The shaft of the armature has a c clamp. Remove it and slide it out. Pay attention to the order of the washers and bearings. All I had to do was oil and wipe the parts. Cleaned the shaft up a little using a worn piece of scotch brite.



Mounting the armature on a drill with 400 grit sandpaper to clean it up. I start with 320 if it has deep rings.



The brushes were worn and replaced.



Assembly was in the reverse order. I oiled the armature parts and after adding the c clamp I spun the armature to ensure free movement. Both motors spun equally.


----------



## T-Man (May 16, 2008)

*The trucks.*

One screw on top removes the top plate and sides, exposing the gear box.



Then all the old grease was removed, The center cross axle was gently removed and cleaned. I turned the wheels in opposite directions to lift the gear up.



The axles were flushed with oil until there was a free spin of the wheels.

You can see the screw hole on the left where the motor sits.



The center worm gear was greased for assembly.

I did not do any maintenance on the center rollers. The wires were good and I had no shorts with the truck frame.
These rollers saw a lot of action on super o track.


----------



## RonthePirate (Sep 9, 2015)

That frame really cleaned up nicely! You can hardly see where the bad spots were.

I noticed the rollers for the third rail pickup were really worn into a groove.
Are those easy to knock out and replace?
I have one not that bad, but on the way.


----------



## T-Man (May 16, 2008)

Thanks Ron, I used a very stiff wheel on the drill press. 

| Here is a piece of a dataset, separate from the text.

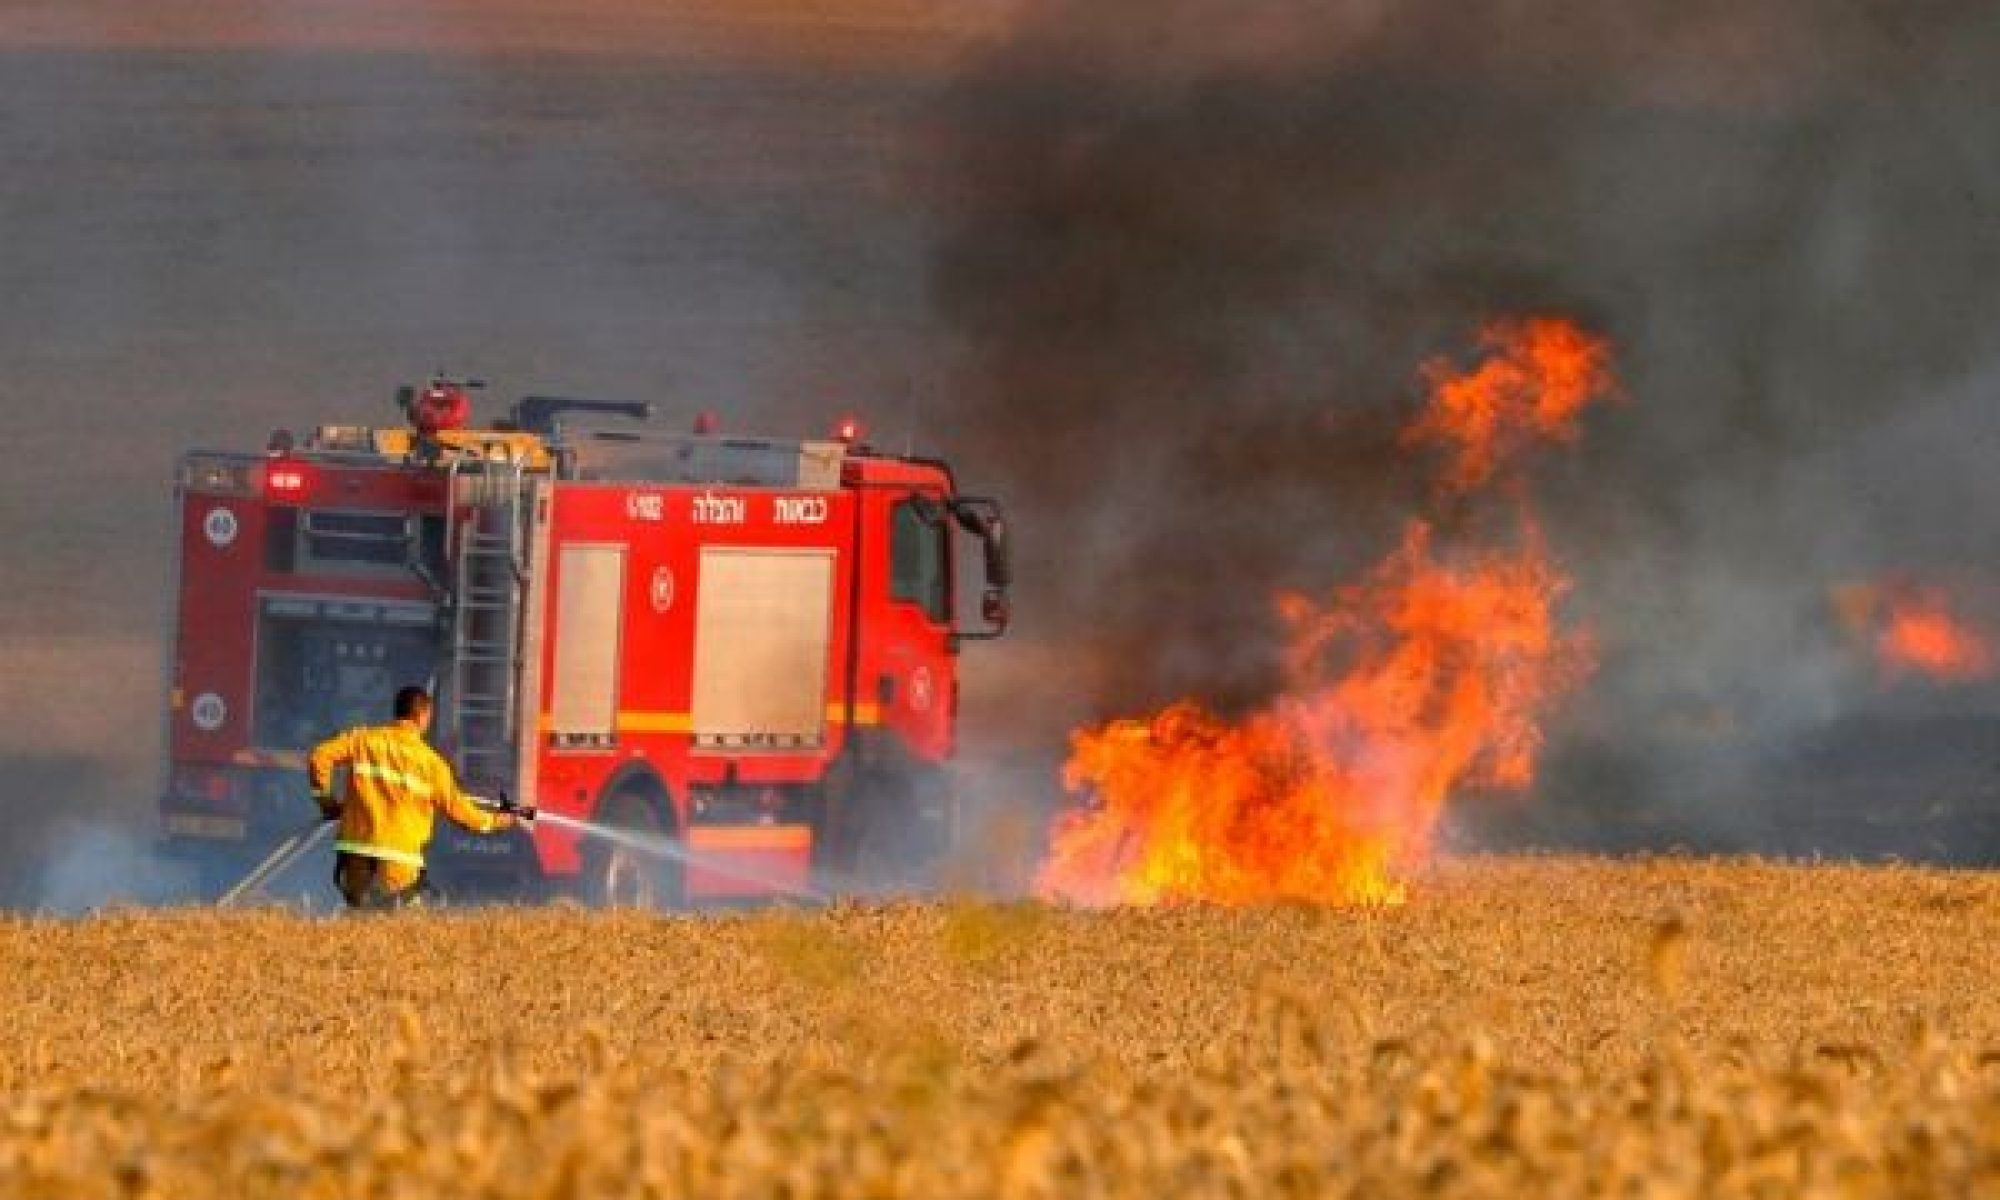 Bayramın ikinci günü yine Kürt çiftçilerin ekinlerini yaktılar

One side of the pin is peened. I think the easy way is to grind the pin and replace it. The arm needs to be removed. In this case a lot of bending is needed to remove the roller if you wan to save the pin. Notice the arm has no play and a 90 degree bend is needed to remove the roller. You could cut the arm more that would help, and reduce the risk of breaking the arm.

I have not done many roller changes, grinding is slow. You try not to damage the arm with the cutting wheel. The new pin is small and with a backing plate I hammer it in place. RIsky yes, but you can order extra pins.


----------



## RonthePirate (Sep 9, 2015)

So it goes on like a coupler redo.
I have been fortunate redoing couplers. They haven't messed up once.

I may try it. I will let you know my rate of success (or failure)

Are Lionel rollers and pins a "Lionel-only" part?


----------



## Yellowstone Special (Jun 23, 2015)

T-Man, you've done a fantastic job with the innards of what I consider Lionel's least desirable Santa Fe F-3. This stripped-down version had no grab irons, no window portholes, and black trucks.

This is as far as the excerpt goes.